» **What is required**:
Would you repeat every line of the material exactly?

» **Dataset section**:
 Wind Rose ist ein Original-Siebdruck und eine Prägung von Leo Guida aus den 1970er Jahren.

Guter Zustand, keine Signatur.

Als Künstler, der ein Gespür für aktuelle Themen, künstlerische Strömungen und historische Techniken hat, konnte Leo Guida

» **Task response**:
 Wind Rose ist ein Original-Siebdruck und eine Prägung von Leo Guida aus den 1970er Jahren.

Guter Zustand, keine Signatur.

Als Künstler, der ein Gespür für aktuelle Themen, künstlerische Strömungen und historische Techniken hat, konnte Leo Guida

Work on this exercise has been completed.